- **Material for this exercise**:

━━━━━━━━━━━━━━━━━━━━

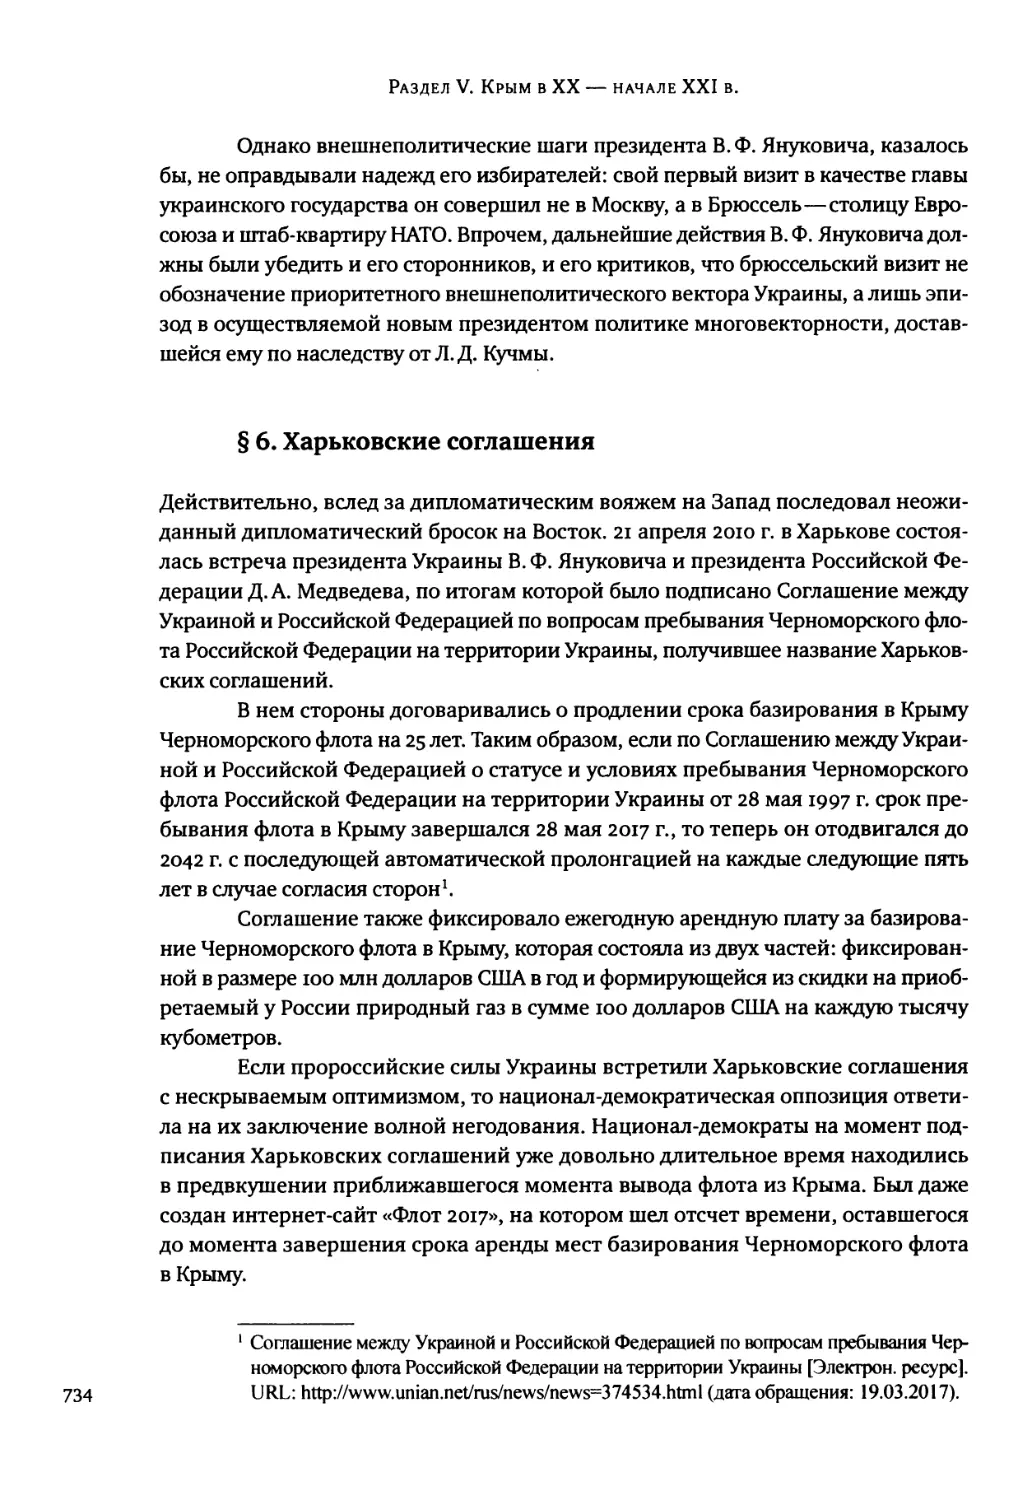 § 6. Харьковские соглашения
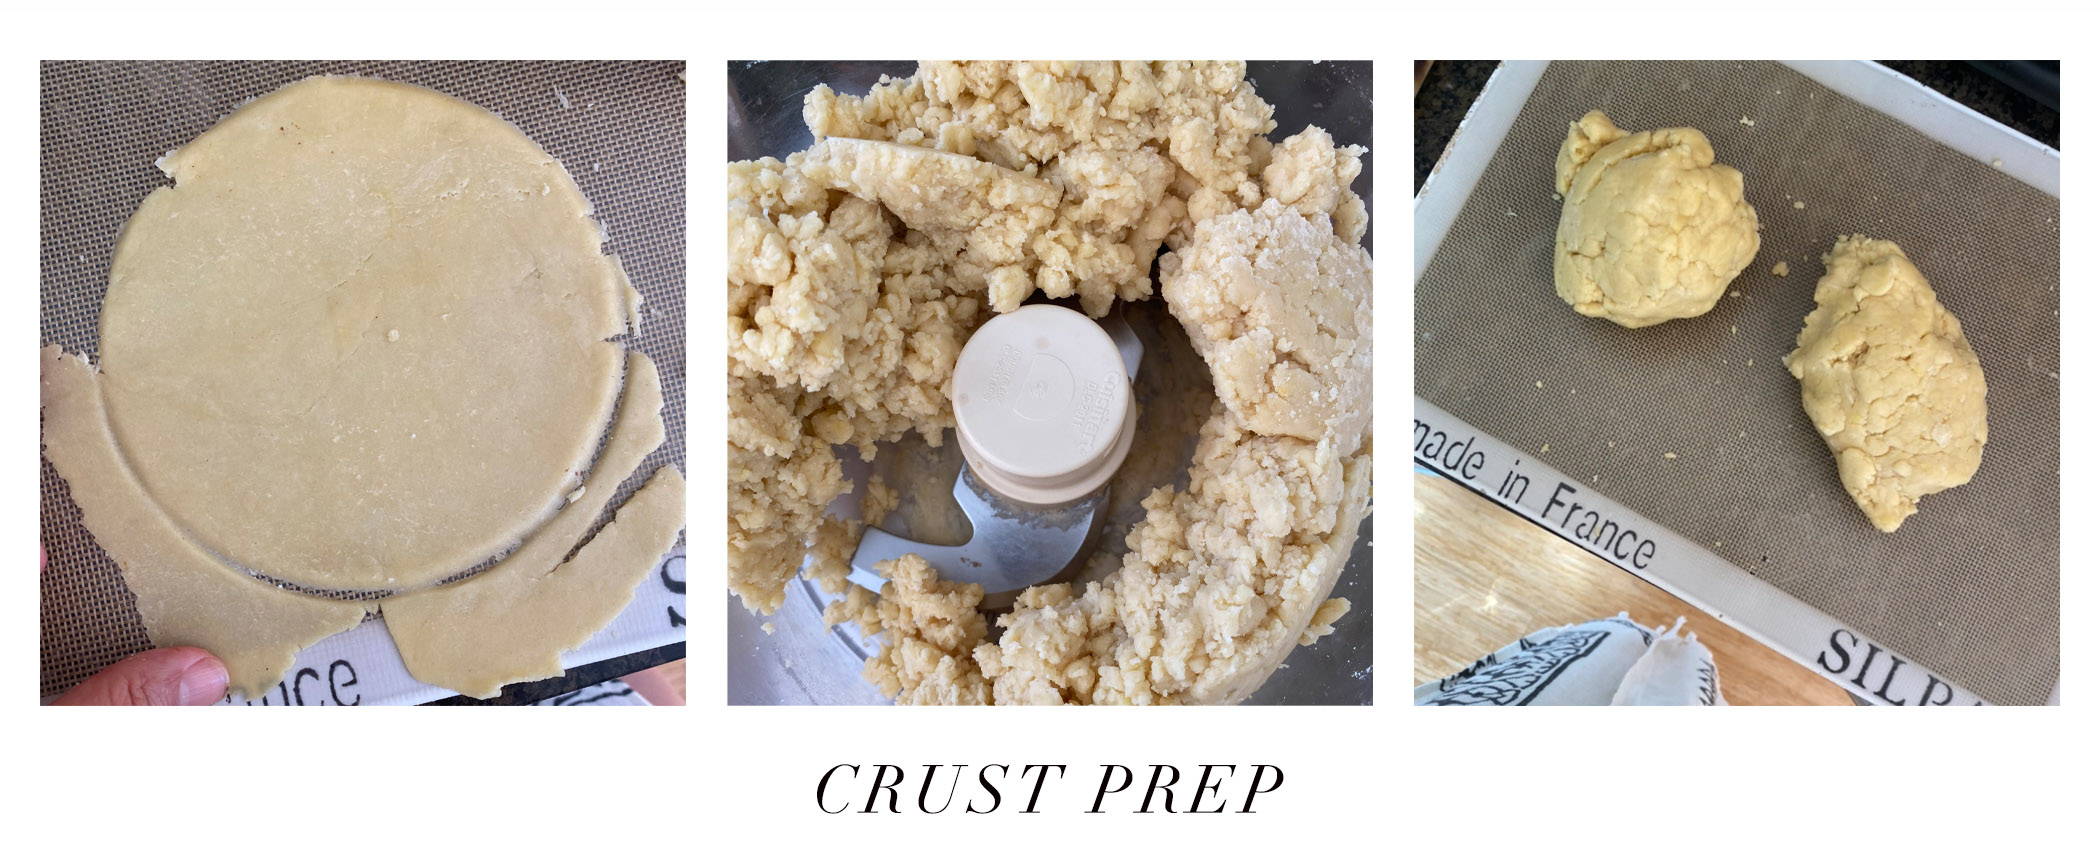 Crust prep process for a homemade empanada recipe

━━━━━━━━━━━━━━━━━━━━

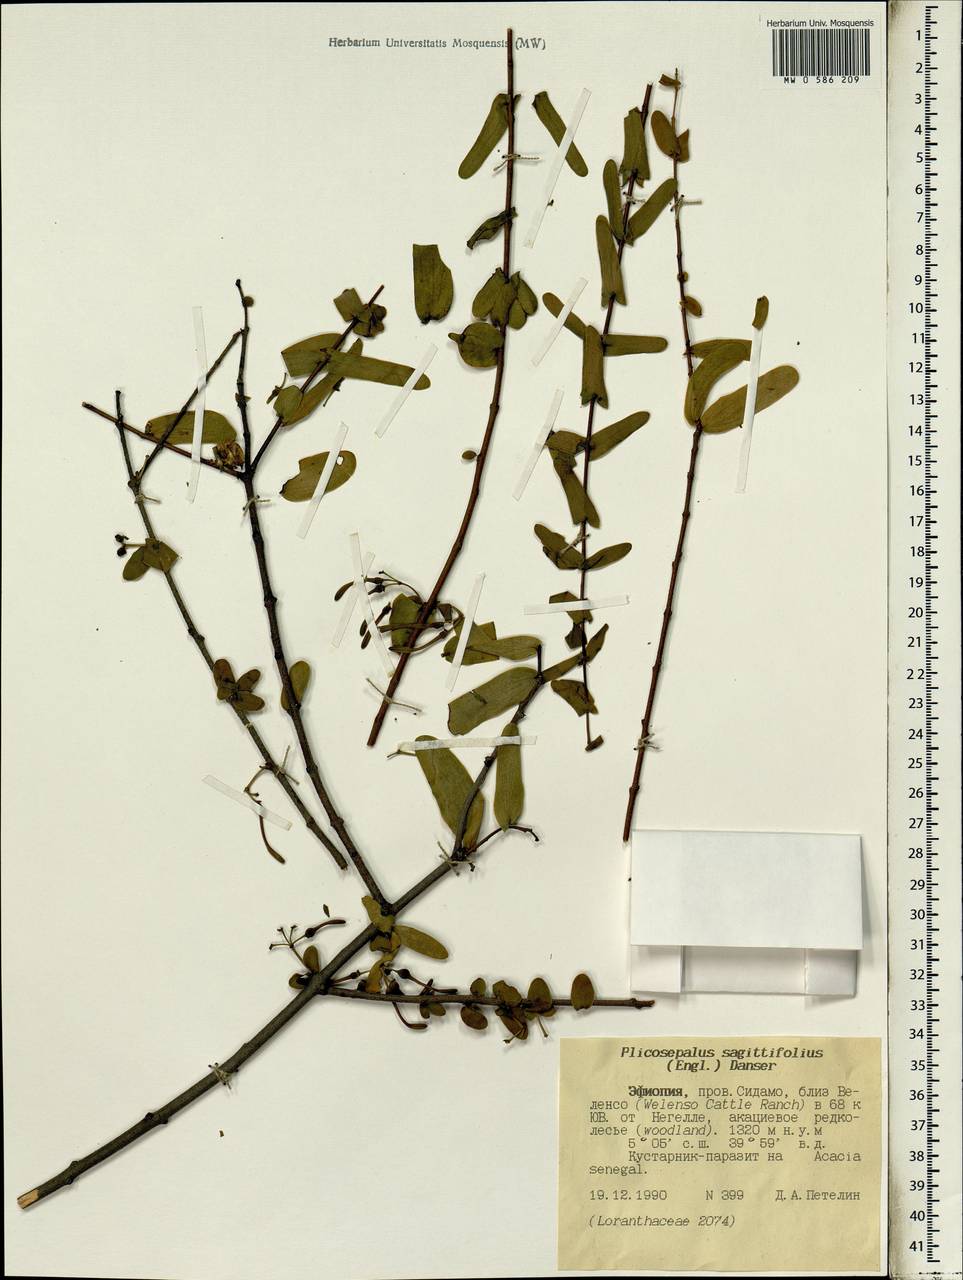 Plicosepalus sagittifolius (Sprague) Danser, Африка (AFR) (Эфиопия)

━━━━━━━━━━━━━━━━━━━━

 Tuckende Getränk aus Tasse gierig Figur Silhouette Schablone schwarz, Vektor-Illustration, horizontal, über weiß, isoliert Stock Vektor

━━━━━━━━━━━━━━━━━━━━

- **The task**:
Copy word for word only the lines above from the one with "6. Харьковские соглашения" through the one with "Crust prep process". Leave pictures out.

- **Exercise solution**:
 § 6. Харьковские соглашения
 Crust prep process for a homemade empanada recipe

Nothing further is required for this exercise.